I concur in the result of this case.

Defendant failed to establish that an “administrative order or administrative grant of permission” was the basis for his action under the mistake of law defense under Hawai'i Revised Statutes (HRS) § 702-220(3) (1993).1

Also, because Defendant testified that he thought “it was a little bit funny” and “chuckled” when the police officer allegedly challenged him and his passenger to a fight, I believe it was within the trial court’s discretion to find, under the facts of this case, that *155Defendant did not reasonably believe he was in danger of “imminent harm” under the “choice of evils” defense in HRS § 703-302(1) (1993).

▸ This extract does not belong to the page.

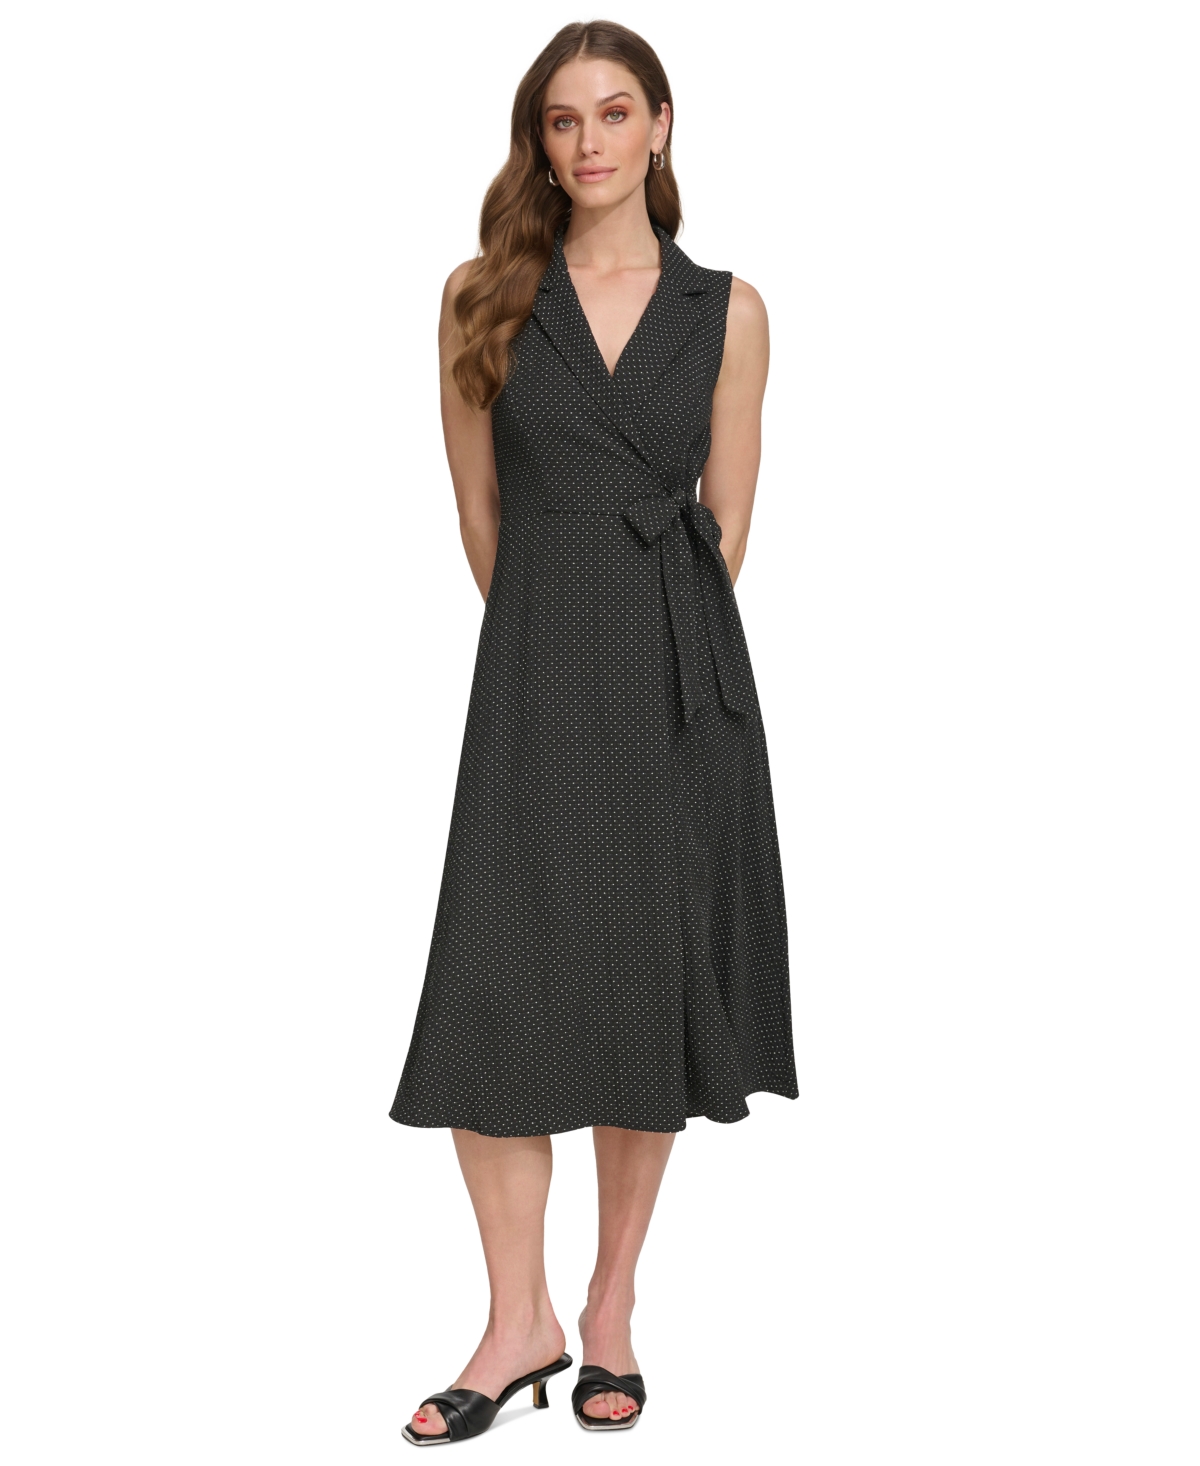 Women's Printed Tie-Waist Sleeveless A-Line Dress - Black/Cream

However, I must disagree with the majority’s reliance on State v. Kealoha, 9 Haw.App. 115, 826 P.2d 884 (1992) with respect to the “choice of evils” defense. I do not believe that Kealoha is viable authority under HRS § 703-302 because the common law requirements set forth in Kealoha conflict with the express language of HRS § 703-302. In that connection, HRS § 701-102(2) (1993) provides, “The provisions of this Code govern the construction of and punishment for any offense set forth herein committed after the effective date, as well as the construction and application of any defense to a prosecution for such an offense.” (Emphases added.) The Hawai'i Penal Code (the Code) was adopted and took effect on January 1, 1973, prior to Kealoha and the instant case. 1972 Haw.Sess.L.Act 9, § 100 at 32. After that date, the express language of the Code is controlling.

Under HRS § 703-302(1), the justification defense is satisfied when the following factors are established: the defendant (1) reasonably believes (2) the conduct is necessary (3) to avoid harm or evil to the actor or another which is (4) imminent, and (5) the harm or evil sought to be avoided is greater than the violative conduct. However, the majority, as a matter of law, redefines the “reasonably believes” factor to specifically require that there be no “third alternative available” and that the conduct be “reasonably designed to actually prevent the threatened greater harm.” Kealoha, 9 Haw.App. at 118, 826 P.2d at 886 (emphasis added). These requirements, first posited in Kealoha and applied here, are not included in the express language of HRS § 703-302.

Such requirements go beyond the factors denominated under the statute. They impose additional burdens on a defendant, not authorized, and therefore, I cannot agree with the majority’s reformulation of the “choice of evils” defense statute.

. I would not reach, and therefore, do not necessarily agree with the majority's analysis of the "administrative grant of permission” language in Hawai'i Revised Statutes (HRS) § 702-220(3) (1993). Defendant did not assert the mistake of law defense in his brief and did not claim that he relied on an "administrative order.” Defendant, however, did argue that the transcript indicated that he had "permission to leave,” and thus, Defendant did not have the requisite intent under HRS § 710-1027 (1993) to disobey the officer’s order to stop. The majority opinion characterizes Defendant's argument as one under HRS § 702-220(3) (1993).

Defendant did assert the "choice of evils” defense under HRS § 703-302 (1993) in his brief.